The training setting and total GPU hours for different RLVR and on-policy distillation training is
| Methods | batch size | #rollout | #step | GPU Hours |
|---|---|---|---|---|
| Math | 128 | 16 | 200 | 2172.8 |
| Coding | 128 | 16 | 200 | 3187.2 |
| Science | 128 | 16 | 200 | 787.2 |
| IF | 128 | 16 | 200 | 377.6 |
| Multi-Task | 128 | 16 | 400 | 2166.4 |
| MT-OPD | 256 | 4 | 200 | 816.0 |
so multi-task training takes about 2166.4/(2172.8+3187.2+787.2+377.6) = 33.2% GPU hours of separate training followed by model merging.

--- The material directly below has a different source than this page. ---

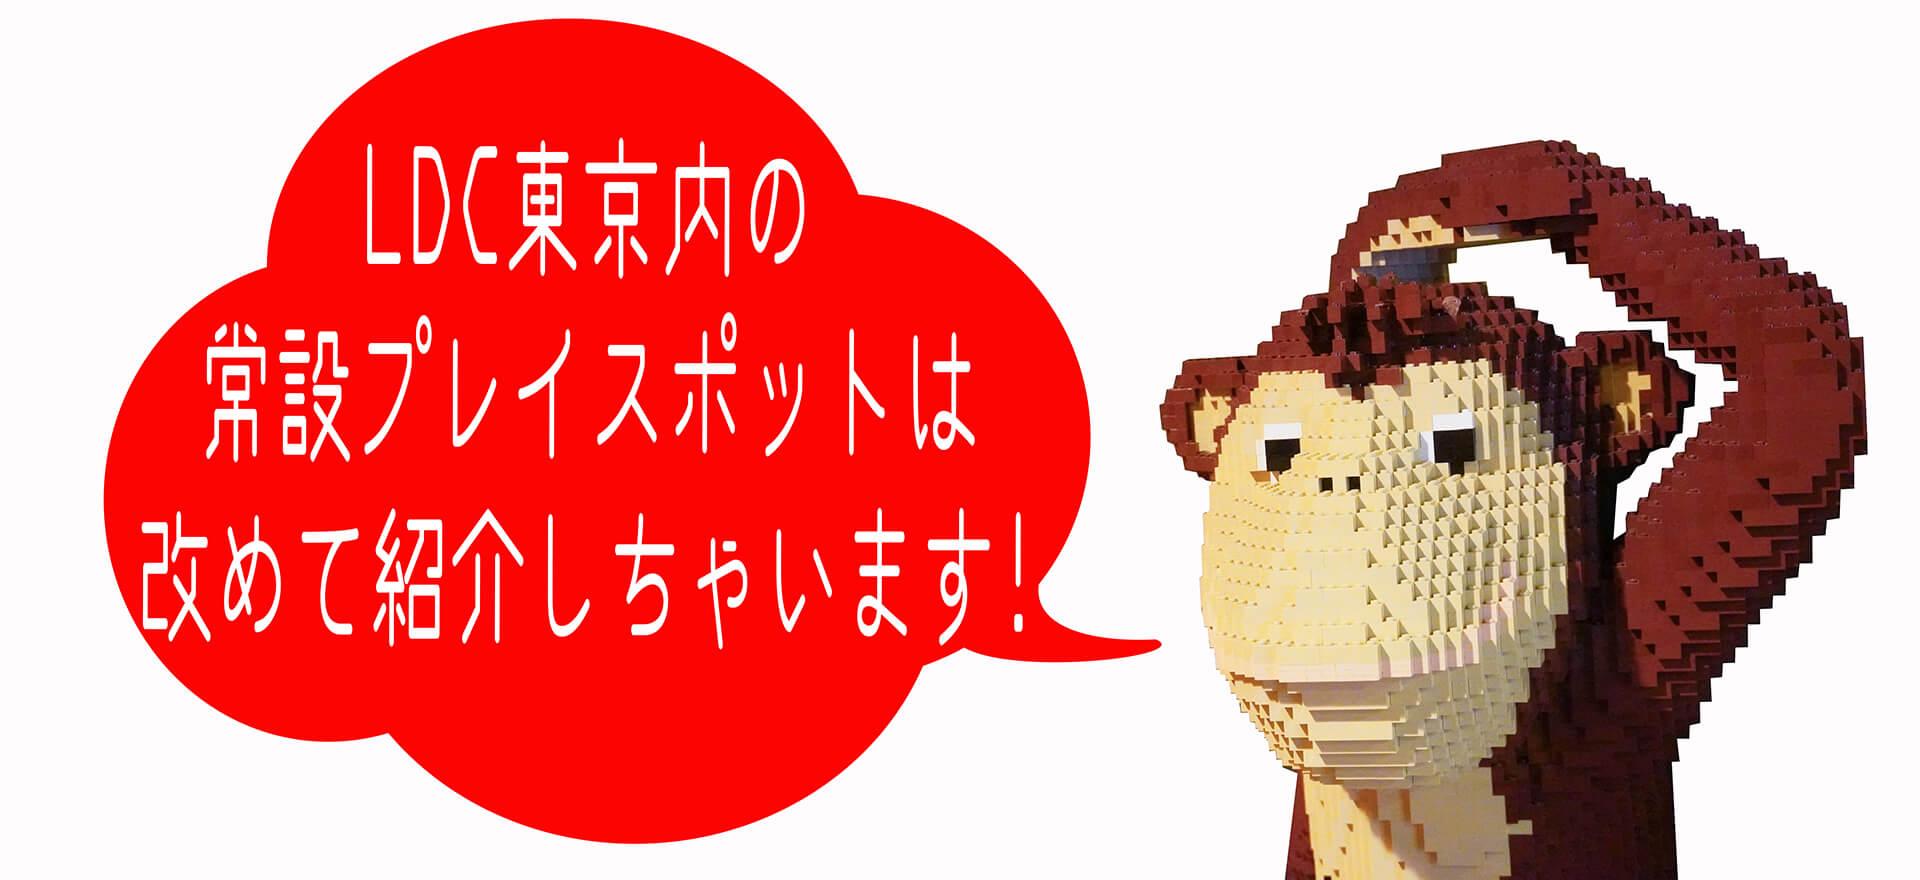 この写真は、レゴニンジャゴー夏祭りで告知するレゴで作った猿

As shown below, the reinforcement learning of three reasoning domains can stably improve each other’s performance. The instruction following domain can help in the evaluation of the three reasoning domains, whereas the inverse enhancement remains marginal.